Derrick Gainer

No. 27, 39
- Position: Running back

Personal information
- Born: August 15, 1966 (age 60) Plant City, Florida, U.S.
- Listed height: 5 ft 11 in (1.80 m)
- Listed weight: 235 lb (107 kg)

Career information
- High school: Plant City
- College: Florida A&M
- NFL draft: 1989 (8th round, 205th overall pick)

Career history
- Los Angeles Raiders (1989)*; Cleveland Browns (1989–1990); Los Angeles Raiders (1992); Dallas Cowboys (1992–1993); Los Angeles Raiders (1994)*;
- * Offseason or practice squad member only

Awards and highlights
- 2× Super Bowl champion (XXVII, XXVIII); Second-team All-MAC (1988);

Career NFL statistics
- Rushing yards: 120
- Rushing average: 2.9
- Rushing touchdowns: 1
- Stats at Pro Football Reference

= Derrick Gainer (American football) =

American football player (born 1966)

Derrick Luther Gainer (born August 15, 1966) is an American former professional football player who was a running back in the National Football League (NFL) for the Cleveland Browns, Los Angeles Raiders, and Dallas Cowboys. He played college football for the Florida A&M Rattlers. He is a two-time Super Bowl champion, winning them back-to-back with Dallas.

==Early life==
Gainer attended Plant City High School. He received All-conference recognition as a senior running back. He accepted a football scholarship from Florida A&M University.

He suffered a knee injury during his sophomore season and had arthroscopic knee surgery. As a junior, he posted 235 rushing yards.

As a senior, he led the team with 126 carries for 627 rushing yards and 9 rushing touchdowns. He also led the Mideastern Athletic Conference in total touchdowns with 11. He finished his college career with 222 carries for 1,132 yards (5.1-yard avg.).

==Professional career==
===Los Angeles Raiders (first stint)===
Gainer was selected by the Los Angeles Raiders in the eighth round (205th overall) of the 1989 NFL draft. Although officially it is recorded that the Raiders waived him before the start of the season, it was actually his decision to leave the team. On September 9, he was signed to the practice squad. He was released on November 29.

===Cleveland Browns===
On December 13, 1989, he was signed by the Cleveland Browns to their practice squad. In 1990, he made the regular season roster and played in all 16 games as a backup fullback, while leading the team with 18 special teams tackles. In the season opener he had 10 carries for 32 yards. His first start came in the second game against the New York Jets in place of an injured Kevin Mack, but he suffered a knee injury in the second half of the game. He was released on August 26, 1991.

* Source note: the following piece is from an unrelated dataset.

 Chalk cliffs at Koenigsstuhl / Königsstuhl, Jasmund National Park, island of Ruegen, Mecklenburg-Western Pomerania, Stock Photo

===Los Angeles Raiders (second stint)===
In February 1992, he was signed as a free agent by the Los Angeles Raiders. On September 2, he was cut to make room for quarterback Vince Evans. He was later re-signed, making the team over Napoleon McCallum, only to be released once again on September 16, to make room for linebacker Tom Benson.

===Dallas Cowboys===
On October 15, 1992, he was signed as a free agent by the Dallas Cowboys to help on the special teams units, where he had 2 tackles. On November 23, he was placed on the injured reserve list with a strained right hamstring. He was re-activated on December 28.

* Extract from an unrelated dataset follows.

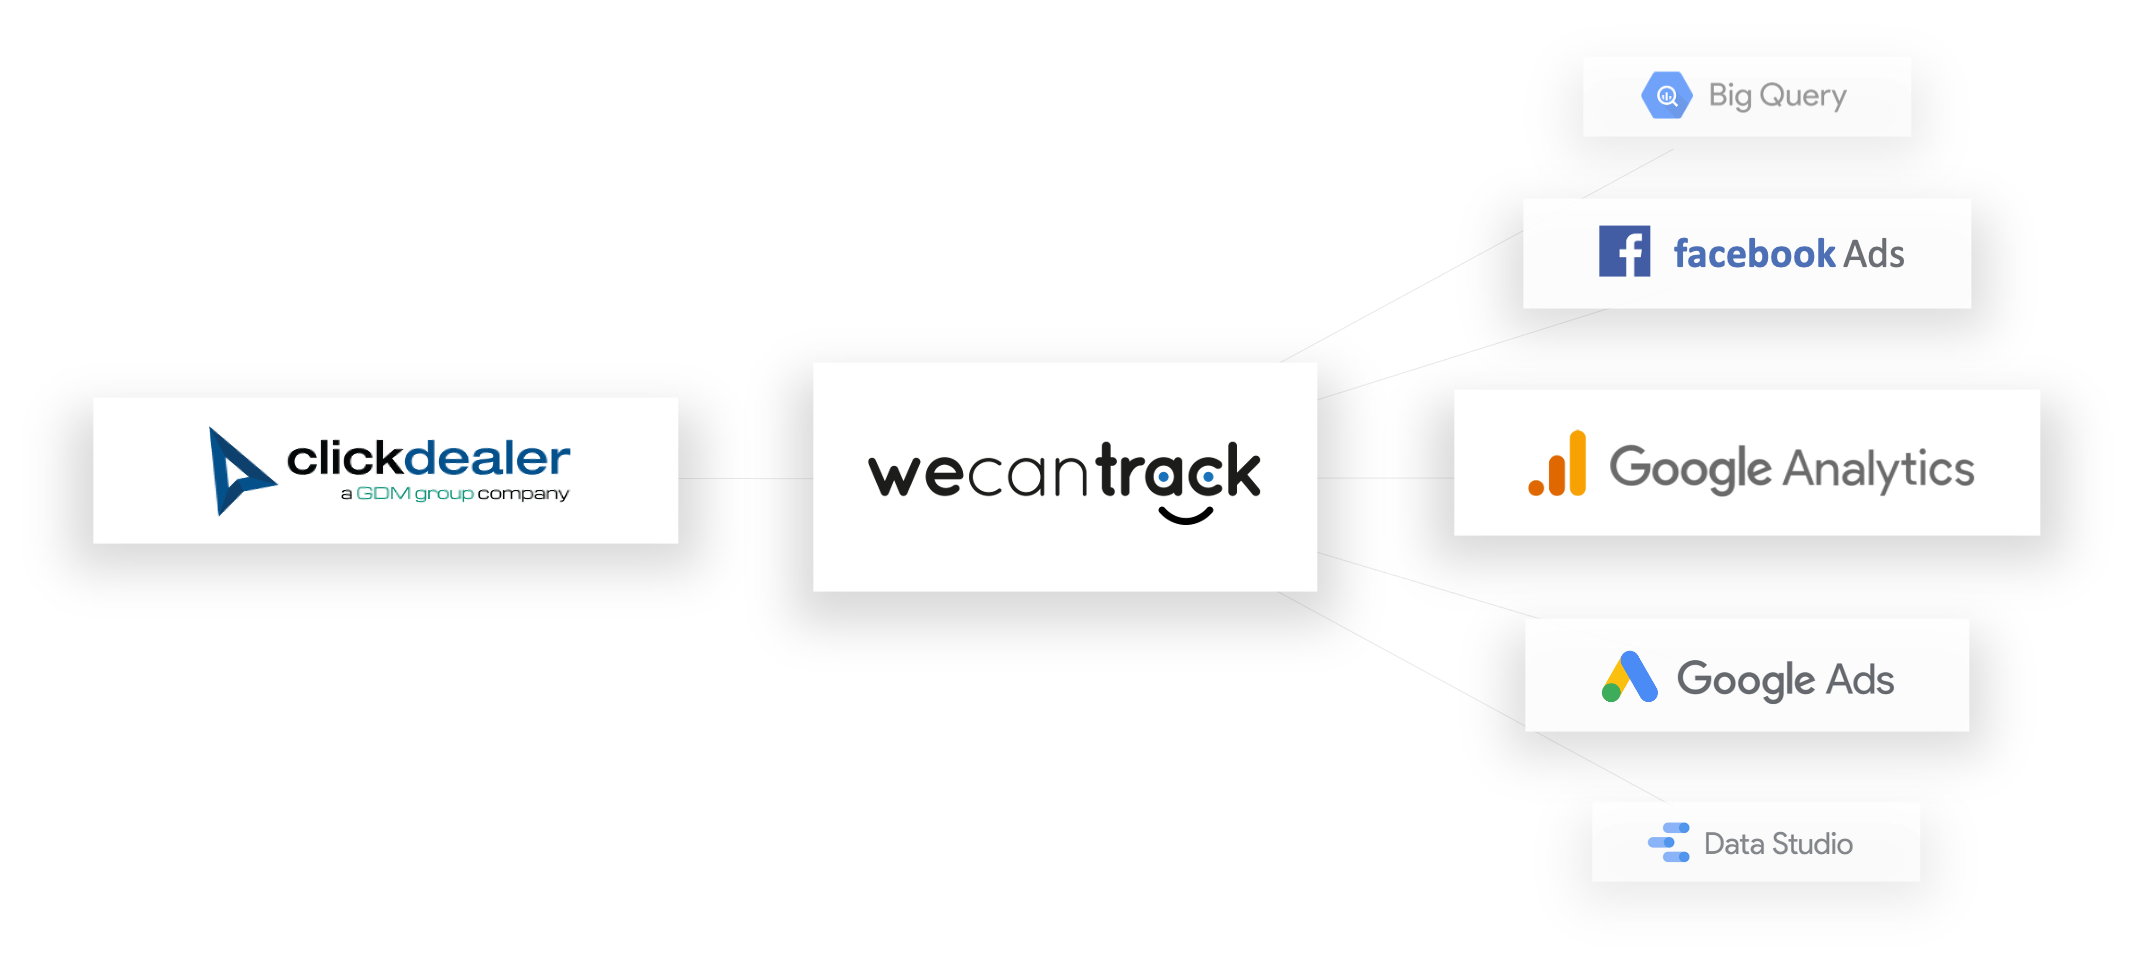 integrate-clickdealer-affiliate-conversions-via-postback

After Curvin Richards was released for fumbling in the last regular season game against the Chicago Bears, Gainer was also used to backup Emmitt Smith during the playoff run to Super Bowl XXVII. In the playoff 34–10 win against the Philadelphia Eagles, he entered the fourth quarter, rushing for 29 yards and scored the last touchdown. He had 2 carries for one yard in relief of Smith during the Super Bowl.

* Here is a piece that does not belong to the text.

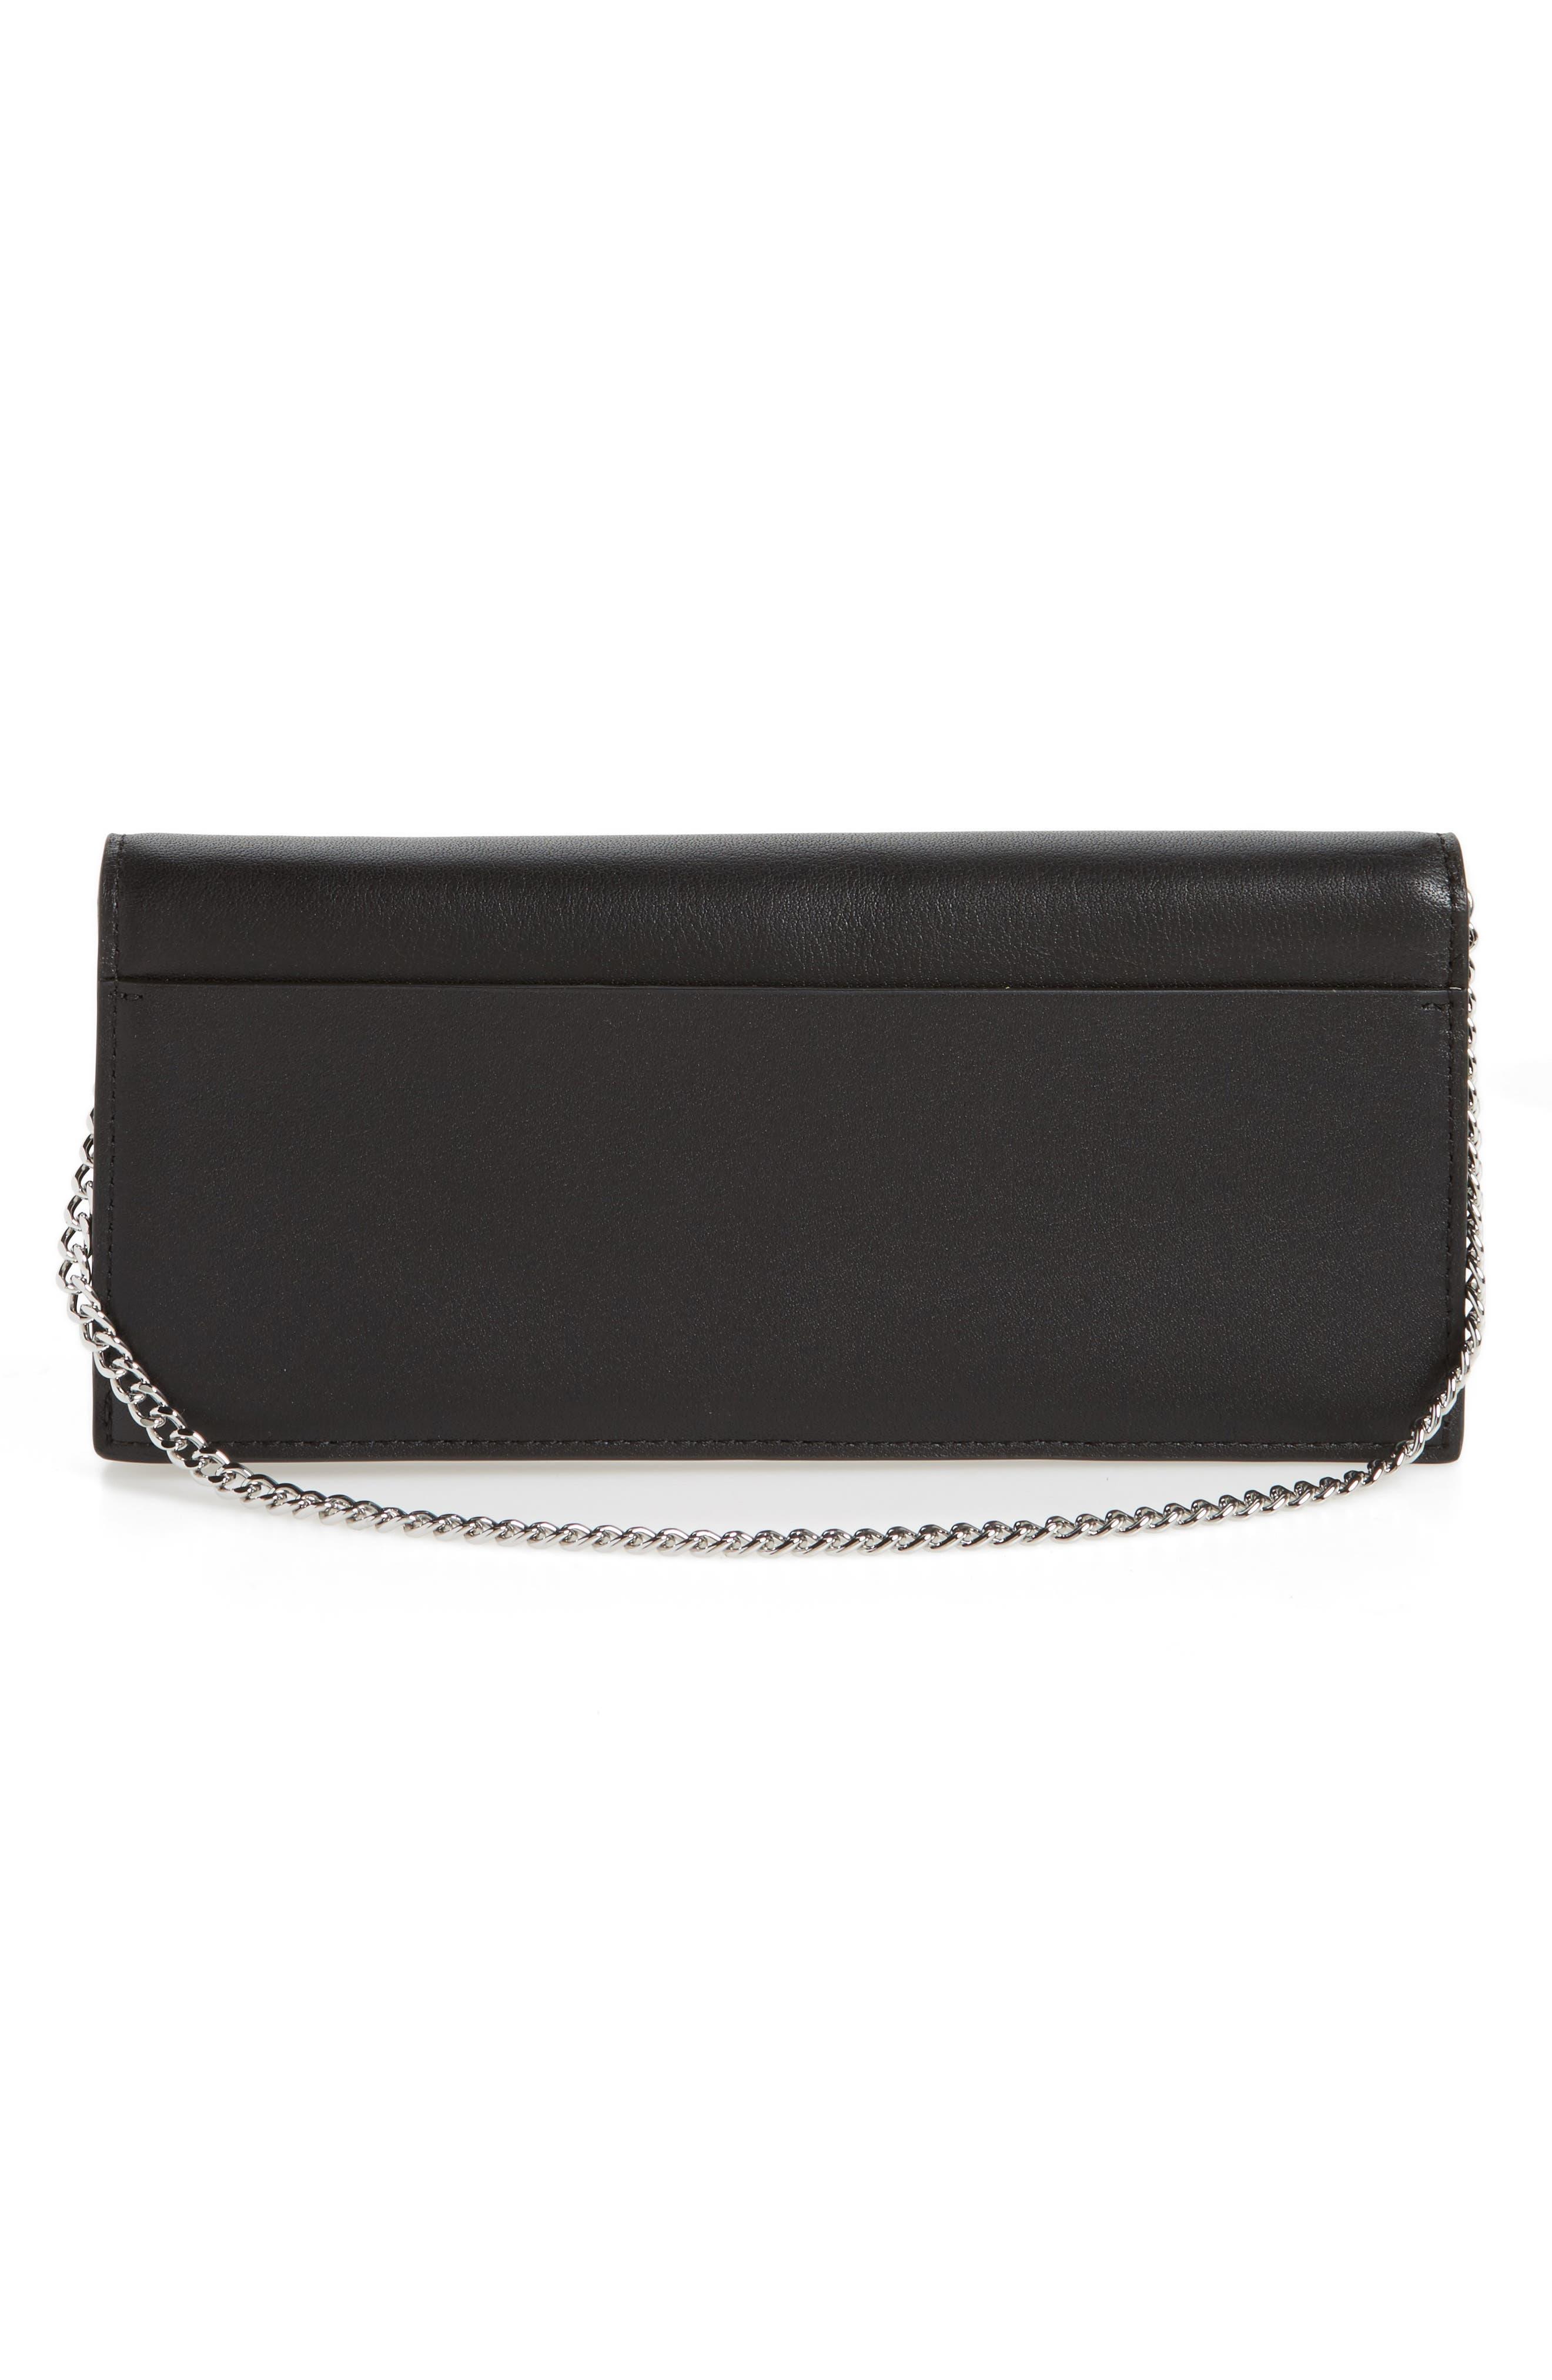 Keel Leather Wallet,                             Alternate thumbnail 3, color,                             001

In 1993, he got the opportunity to compete with rookie Derrick Lassic for the starting running back job, while Smith was in a contract holdout. He was the fourth-string running back and appeared in 11 games, making 3 special teams tackles. On May 10, 1994, he was traded to the Los Angeles Raiders in exchange for past considerations.

===Los Angeles Raiders (third stint)===
On August 28, 1994, Gainer was released by the Los Angeles Raiders.